Lovera explains that in order for a food to qualify as cheese, it has to maintain a "standard of identity" determined by the Food and Drug Administration. "So if you're buying Swiss cheese or cheddar or American, there are certain criteria you have to make," she says. "When you get down to Kraft or Velveeta, they're working outside the standards of identity."
Kraft Singles do have some real cheese on their ingredient list. But that list also includes whey, milk, milk protein concentrate, milkfat, whey protein concentrate, sodium citrate, less than 2% of calcium phosphate, salt, lactic acid, annatto and paprika extract (color), natamycin, enzymes, cheese culture, and vitamin D3.
Milk protein concentrate (MPC), one of the items on the Kraft Singles ingredient list, has proven itself a controversial substance in the past. But MPC's are not synthetic ingredients; the white-ish powder consists of many different milk proteins that arrive as dairy processing byproducts.
"Basically, [MPC] comes from making cheese and all sorts of other milk, and it’s really valuable protein," explains University of California-Davis food science professor David Mills. "We really hate to throw them away. And thankfully people have figured out uses for them."
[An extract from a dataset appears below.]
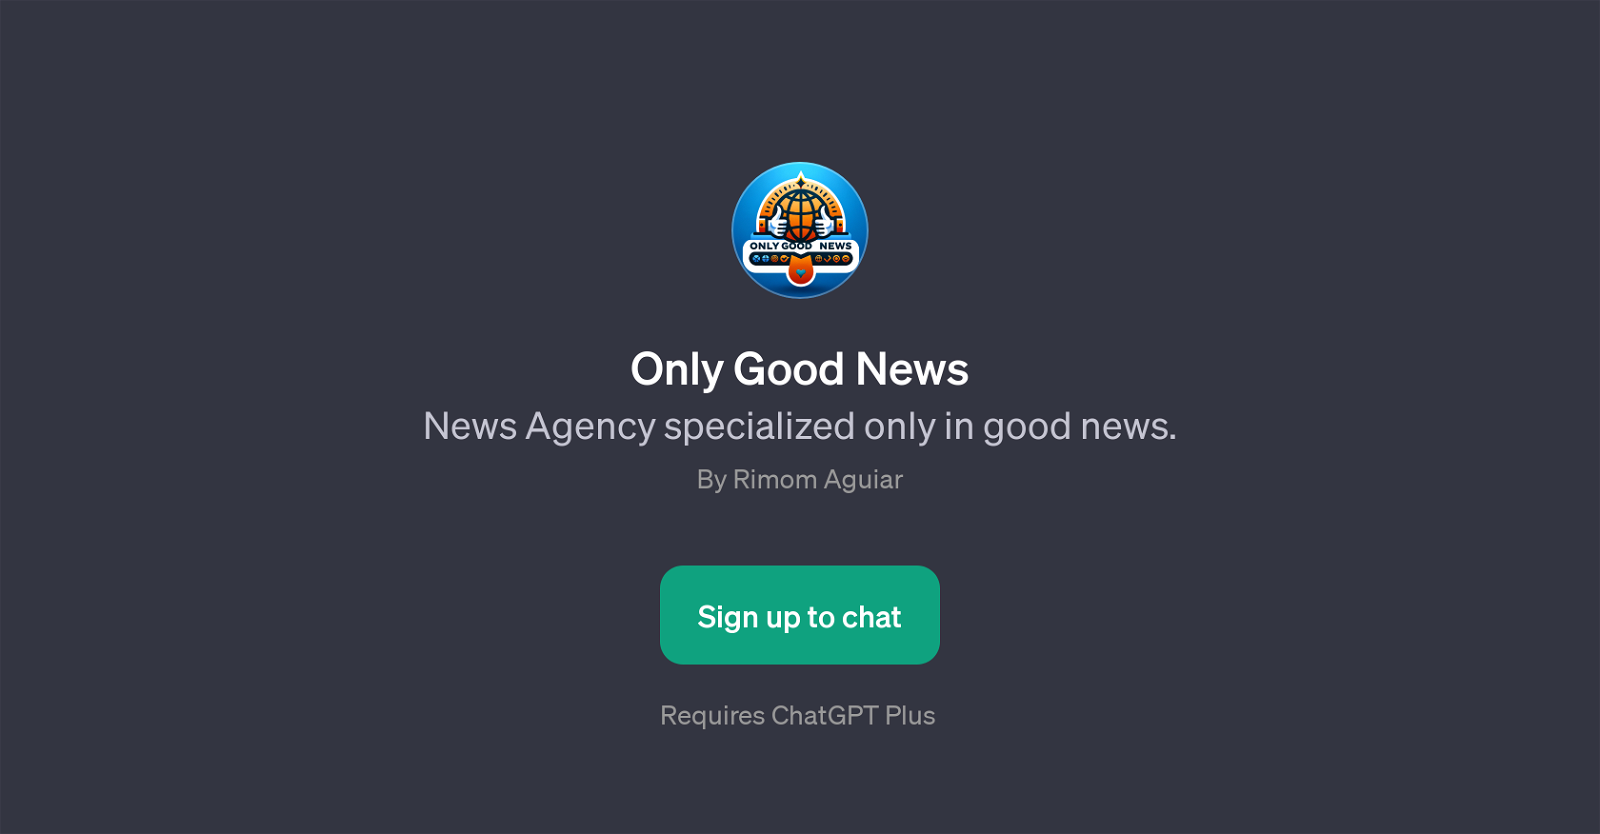 Only Good News website

But the controversy over MPC's deals with where that powder comes from. Often, MPC's are imported from New Zealand. China and Mexico also export significant amounts of an MPC component to the U.S. After showing that MPC imports were undercutting New York dairy farmers by tens of millions of dollars a year, in 2009, New York Senator Chuck Schumer proposed federal legislation to impose a tariff on the stuff. The legislation died in committee.
"There's been some reports that some are being made domestically, but it's likely being imported," says Food and Water Watch's Lovera. "We think it's just a way to find a cheaper source of dairy and undercut domestic dairy farmers. We also have to struggle more with safety; you're putting a lot of trust in a government you have no ability to impact."
In 2002, Kraft's use of MPC's also motivated the FDA to send a warning letter to the company, arguing that Kraft's then-marketing of Singles as "pasteurized process cheese food" didn't conform to the FDA's standard of identity for "pasteurized process cheese food." But that was easy enough to get around. Now, if you look at how Kraft defines Singles, they're described as "pasteurized prepared cheese product."
Kraft, to be clear, does not claim that the Singles are natural. Instead, it refers to natamycin, the anti-fungal, as a natural preservative. But just about anything can qualify as natural. The FDA "has not developed a definition for use of the term natural or its derivatives." At the same time, the agency has not "objected" to the use of the word if the product leaves out artificial flavors, colors, and synthetics, according to its website.
"They get to call it whatever they want," says Lovera. "We just tell people it's a meaningless label."
Still, some companies are finding that the "natural" claim, while nice for marketing purposes, is far more trouble than its worth. Over the last two years, at least 100 false advertising lawsuits have been filed because of the term, according to the Wall Street Journal. Some of those lawsuits, WSJ notes, have ended in multi-million dollar settlements.
But even if Kraft is careful about its wording, Hansen, the Consumers Union scientist, cautions against buying into the spirit of Kraft's wholesome, farm-fresh campaign.
"As people get more and more interested in the labels that are on foods, more of these sort of artificial food products--they’re trying to make them look healthier or more natural," he says. "But this is really more trying to put lipstick on a pig."